In Diary of a Nomad, Jude Norris explored the effect of post-modern technologies and attitudes on nomadic cultural approaches to sustenance, lifestyle and survival. Using three projection screens hung like the sides of an open square, Norris constructed a softer inner room from which to consider the gallery as a culturally influenced 'chamber of experience'. Within this portable space, the artist projected often-dispirited panoramas contrasting urban/rural and Indigenous/immigrant migratory cycles. These digital landscapes were both a celebration of the land and a critique of Western landscape traditions.

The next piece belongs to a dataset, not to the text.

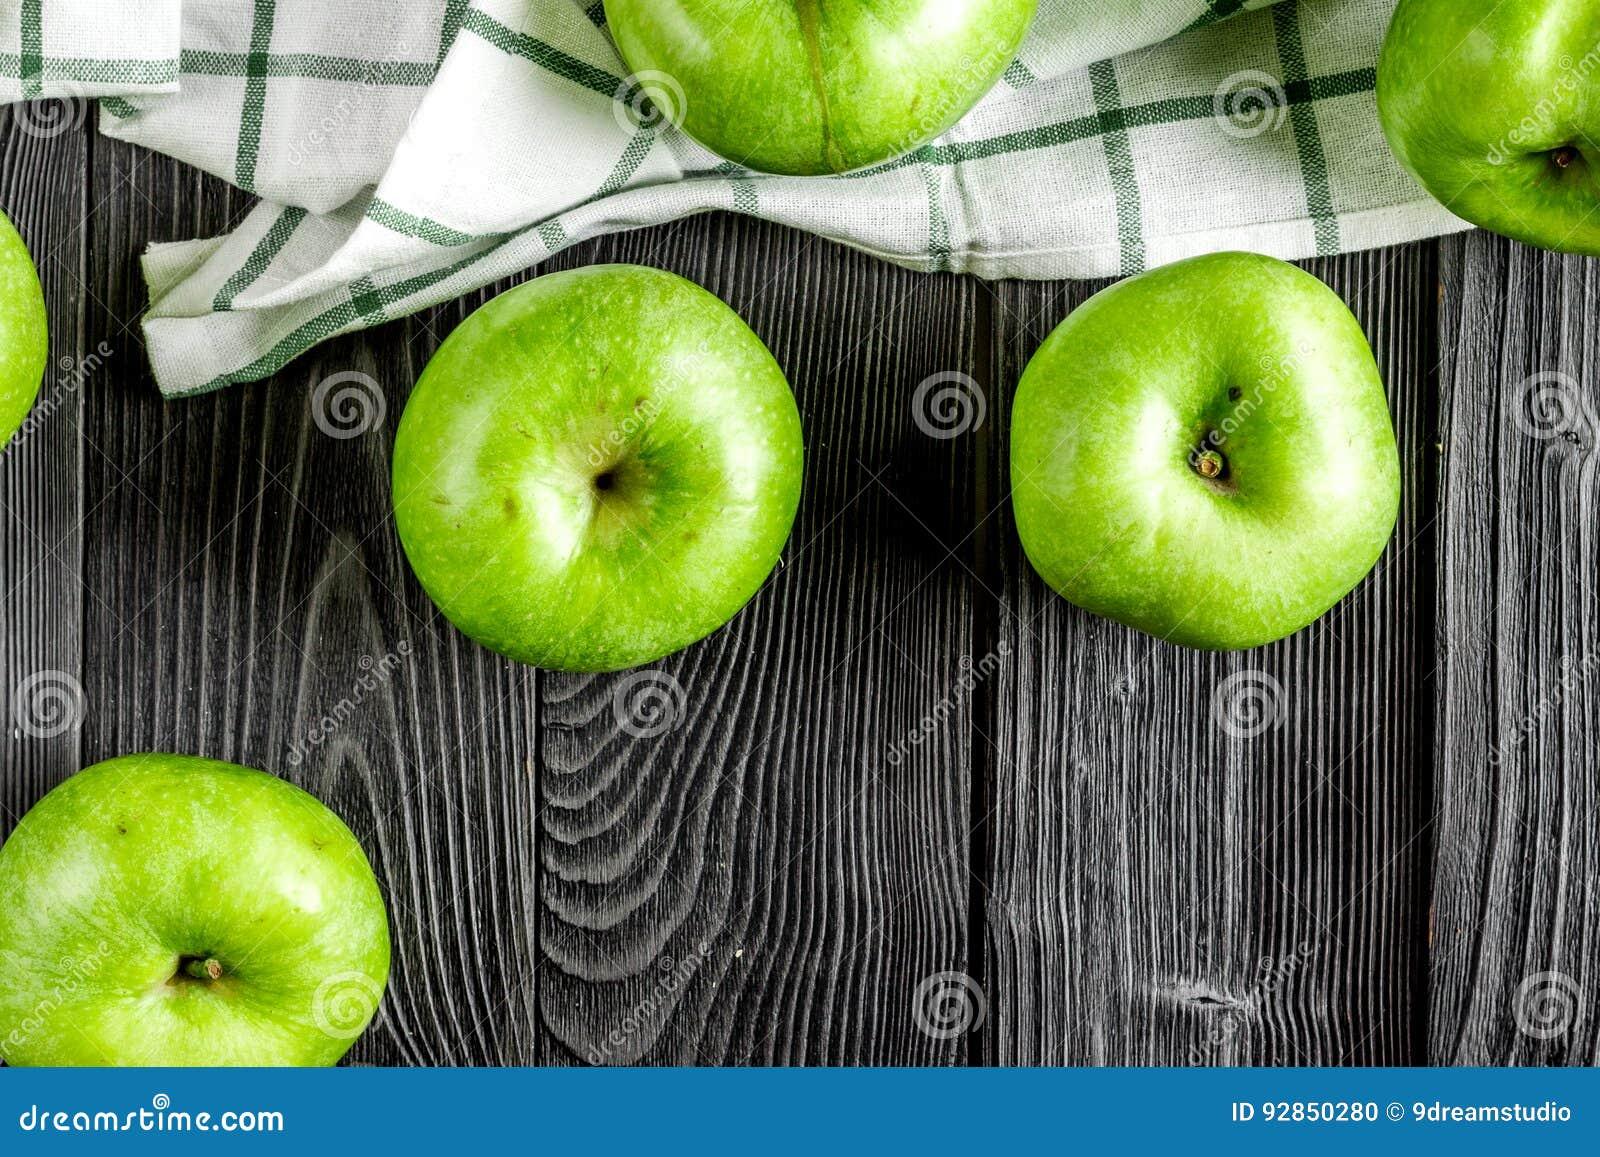 Projeto natural do alimento com opinião superior do fundo escuro verde da mesa das maçãs
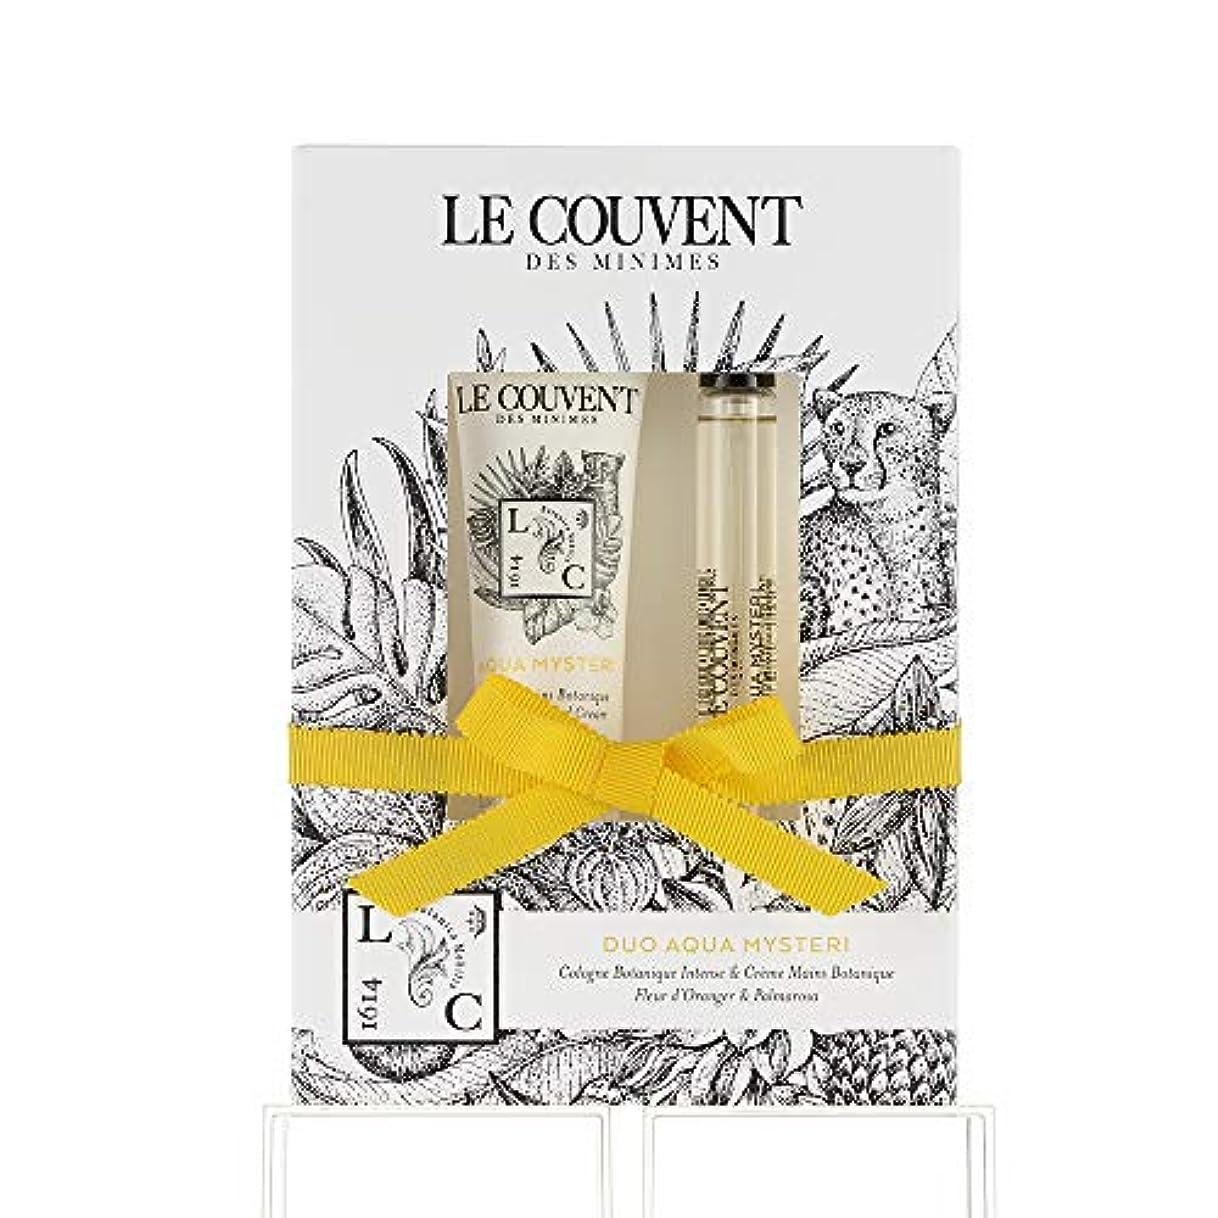 交じるランチ住所クヴォン?デ?ミニム(Le Couvent des Minimes) ボタニカルデュオ ボタニカルコロン アクアミステリ10mL×1、アクアミステリ ハンドクリーム30g×1

Jude Norris is a Plains Cree/Anishnawbe/Metis Nation multi-disciplinary First Nations artist based in Brooklyn, New York. She has lived for extended periods in the UK , Vancouver, Toronto, and the Lower Similkameen Reservation in Interior Salish territory in Central B.C.
Norris creates work from the vantage point of an Indigenous woman living in post-modern Western society. She expands these personal experiences into work that embodies Indigenous expression and vision, yet is broadly accessible and relevant.
Norris is a recipient of the prestigious Chalmer’s Arts Fellowship, and has received awards from the Canada Council for the Arts, the Alberta Foundation for the Arts, the Ontario Arts Council, and the Toronto Arts Council. Her work has been screened and exhibited internationally, and can be found in the collections of major museums across Turtle Island.